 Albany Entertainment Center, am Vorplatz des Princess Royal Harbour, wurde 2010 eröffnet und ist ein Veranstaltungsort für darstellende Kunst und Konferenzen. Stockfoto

##########

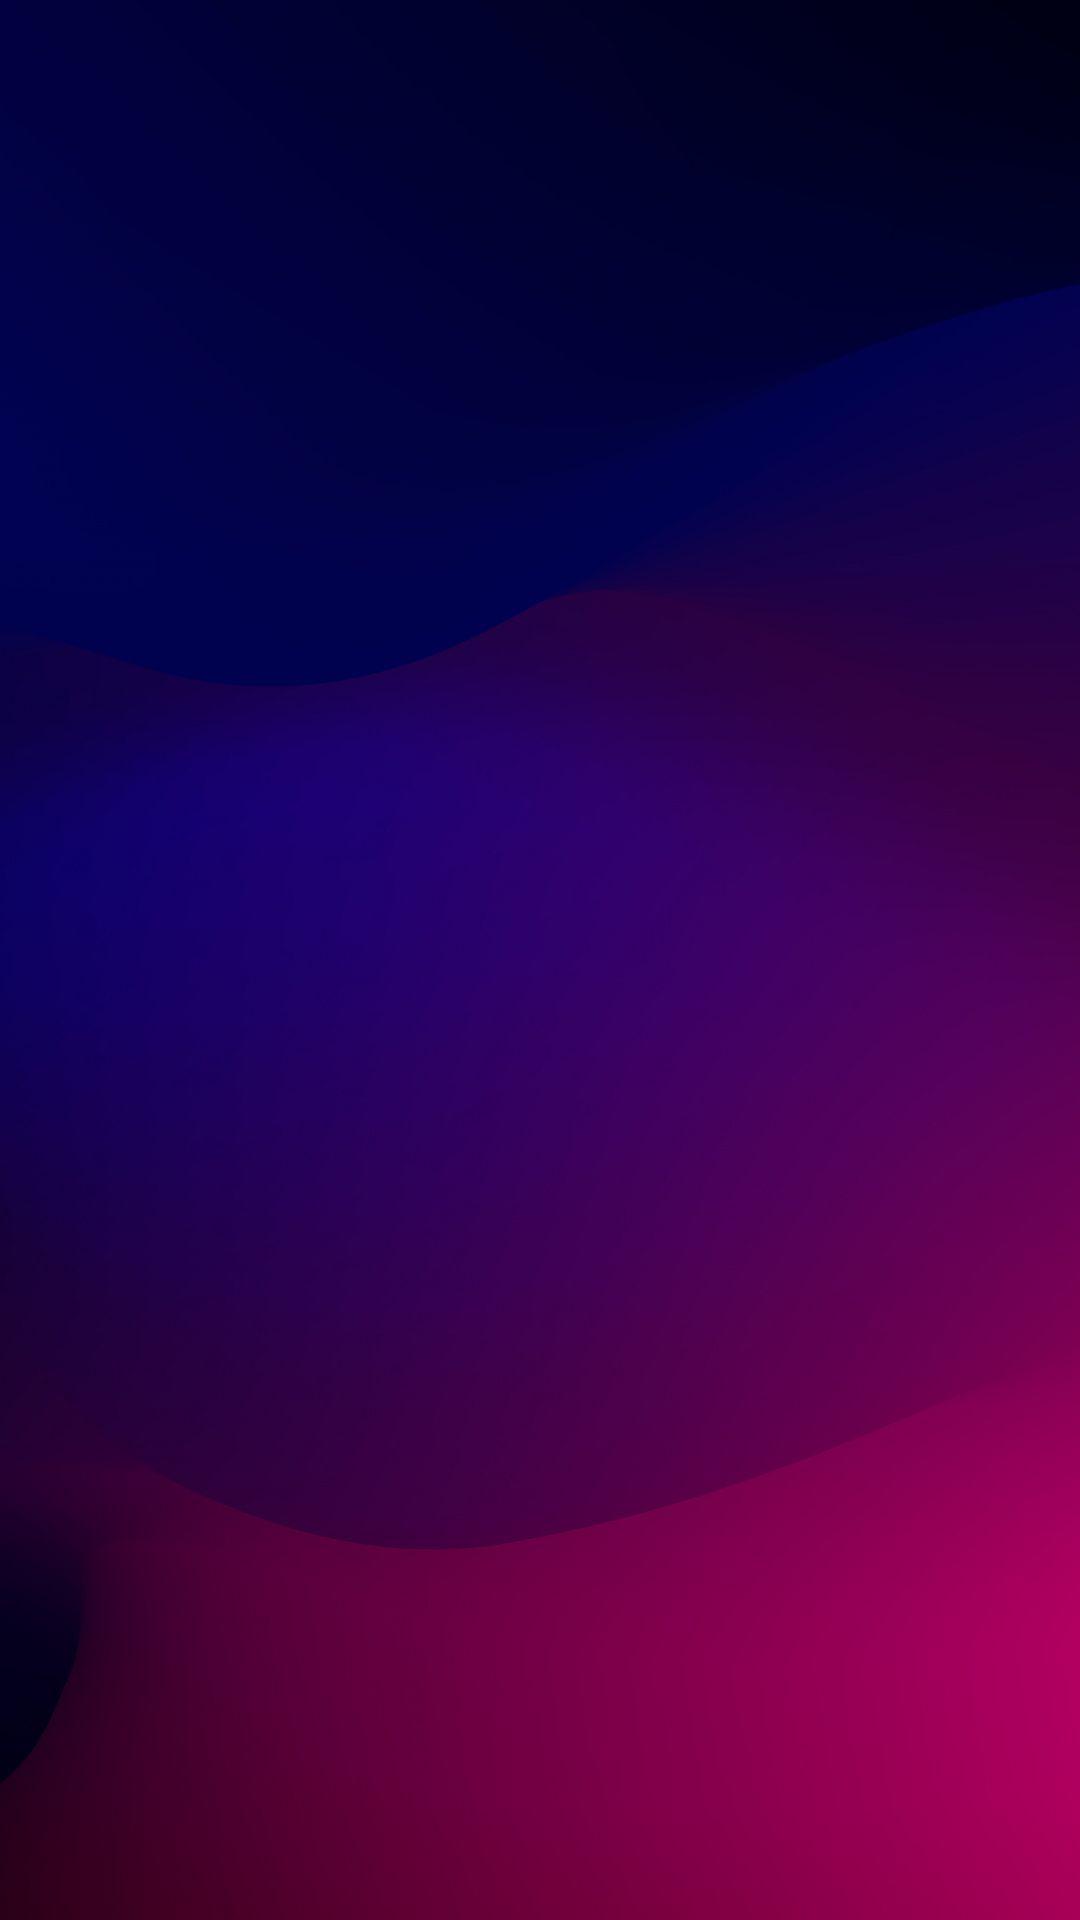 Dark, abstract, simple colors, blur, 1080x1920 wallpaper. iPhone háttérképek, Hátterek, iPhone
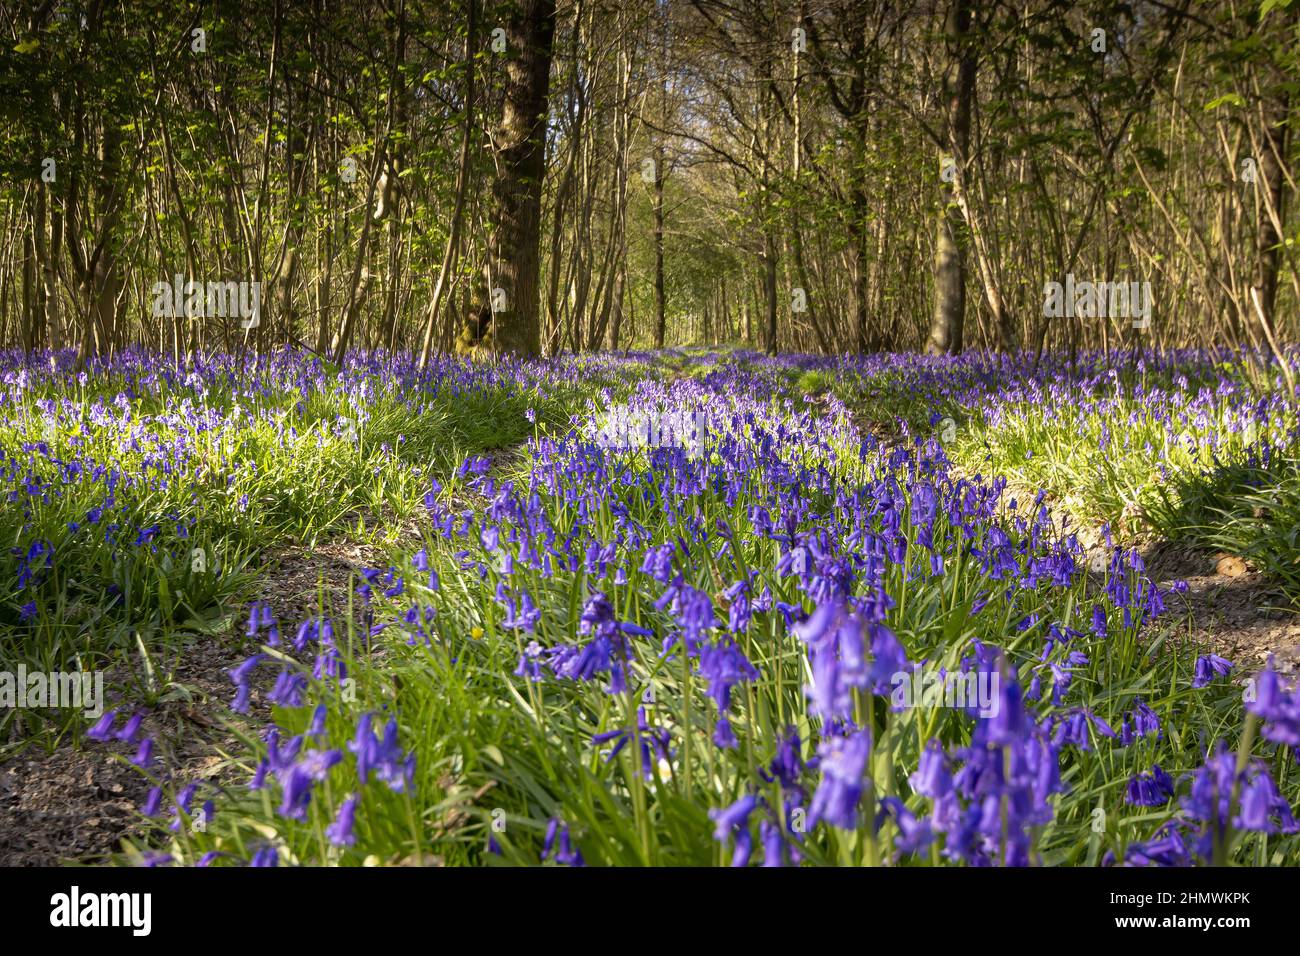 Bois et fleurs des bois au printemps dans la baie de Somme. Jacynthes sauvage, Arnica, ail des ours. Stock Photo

##########

## Your task
Take only the lines above from the one that has "Dark, abstract, simple" through the one that has "Bois et fleurs" and reproduce them exactly, omitting any pictures.

## Solution to this task
 Dark, abstract, simple colors, blur, 1080x1920 wallpaper. iPhone háttérképek, Hátterek, iPhone
 Bois et fleurs des bois au printemps dans la baie de Somme. Jacynthes sauvage, Arnica, ail des ours. Stock Photo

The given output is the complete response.